European Union |The anonymous artist Banksy lost his case against a greeting card company over the use of the “Flower Thrower” image, concluding the parties’ two-year dispute. In February of 2014, Banksy applied for an EU trademark of the mural image, Flower Thrower; however,  this past month, its trademark protection was overturned, despite the artist’s efforts to use the trademark and sell merchandise at a pop-up store in Croydon, London. The panel of judges ruled that Banksy’s request and endeavors were rooted in “bad faith” attempts at seeking E.U. trademark law loopholes. Full Colour Black Limited v. Pest Control Office Limited, No. 33 843/2020 C (European Union Trade Mark on September 16, 2020).

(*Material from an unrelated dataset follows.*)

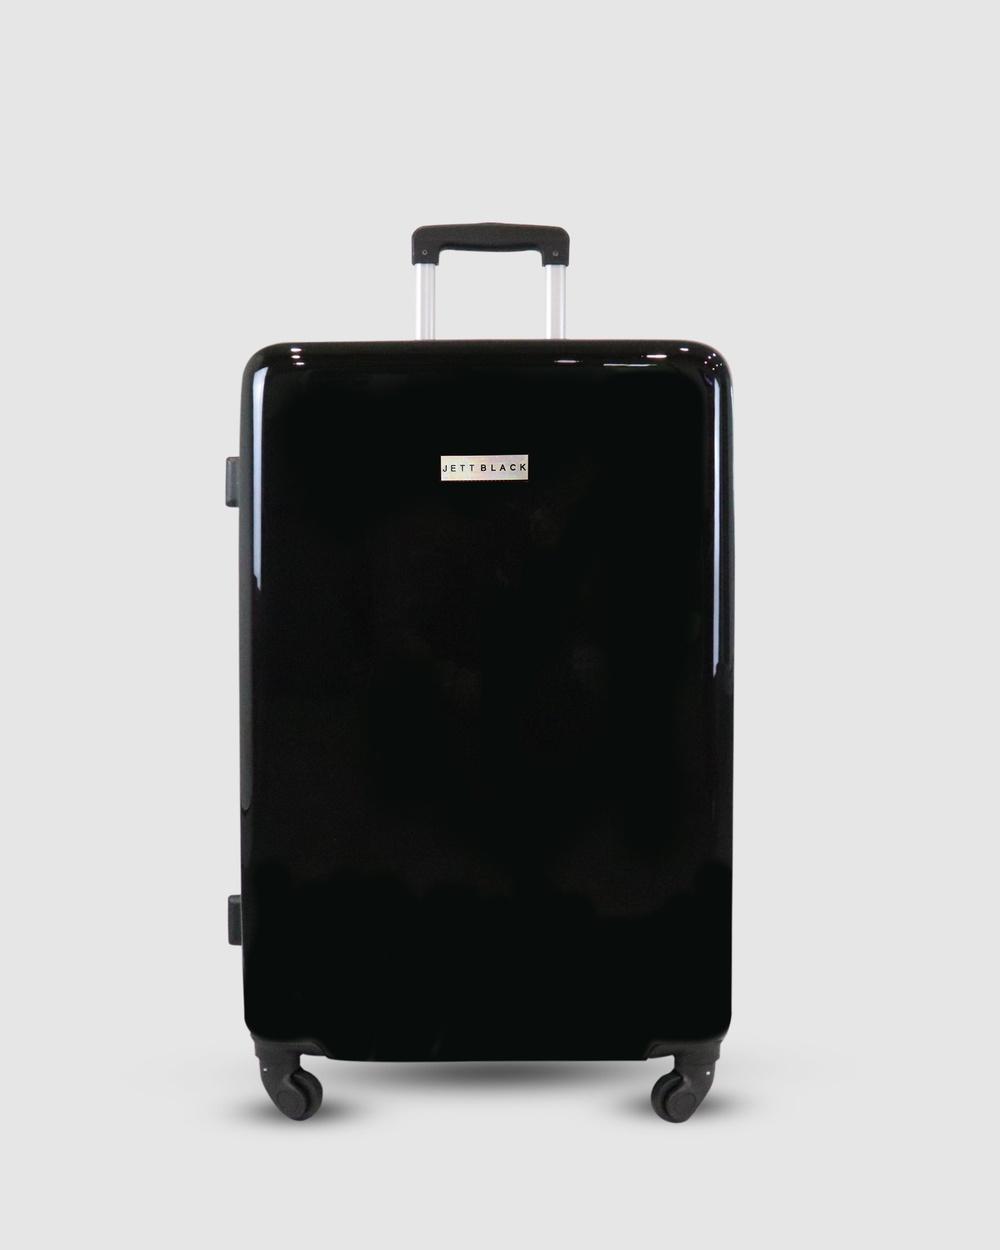 JETT BLACK My JB Series Medium Suitcase Travel and Luggage Black

France | In Paris, the New-York gallery Marlborough and its former director of Asian arts, Philippe Koutouzis, along with a retired curator from the Guimet Museum, Jean-Paul Desroches are being accused of bribery for promoting an exhibition done by artist Chu Teh-Chun. This action includes claims that Desroches received favors from the Gallery and the artist including €20,000 for a catalogue sponsored by Marlborough and payment of flights for trips to Madrid, Hong Kong, and Beijing.

France | The Paris Court of Appeals ordered that three paintings by André Derain be restituted to the family of French-Jewish collector and art dealer René Gimpel, who died in a concentration camp in 1945.

Italy | Two suspects were caught stealing artifacts and coins from the Chiesa di Sant’Agata al Collegio church in Sicily. In addition to theft, the two men vandalized the music school and library and attacked various sacred spaces. This is the second time in two months the church has been damaged by acts of theft and vandalism.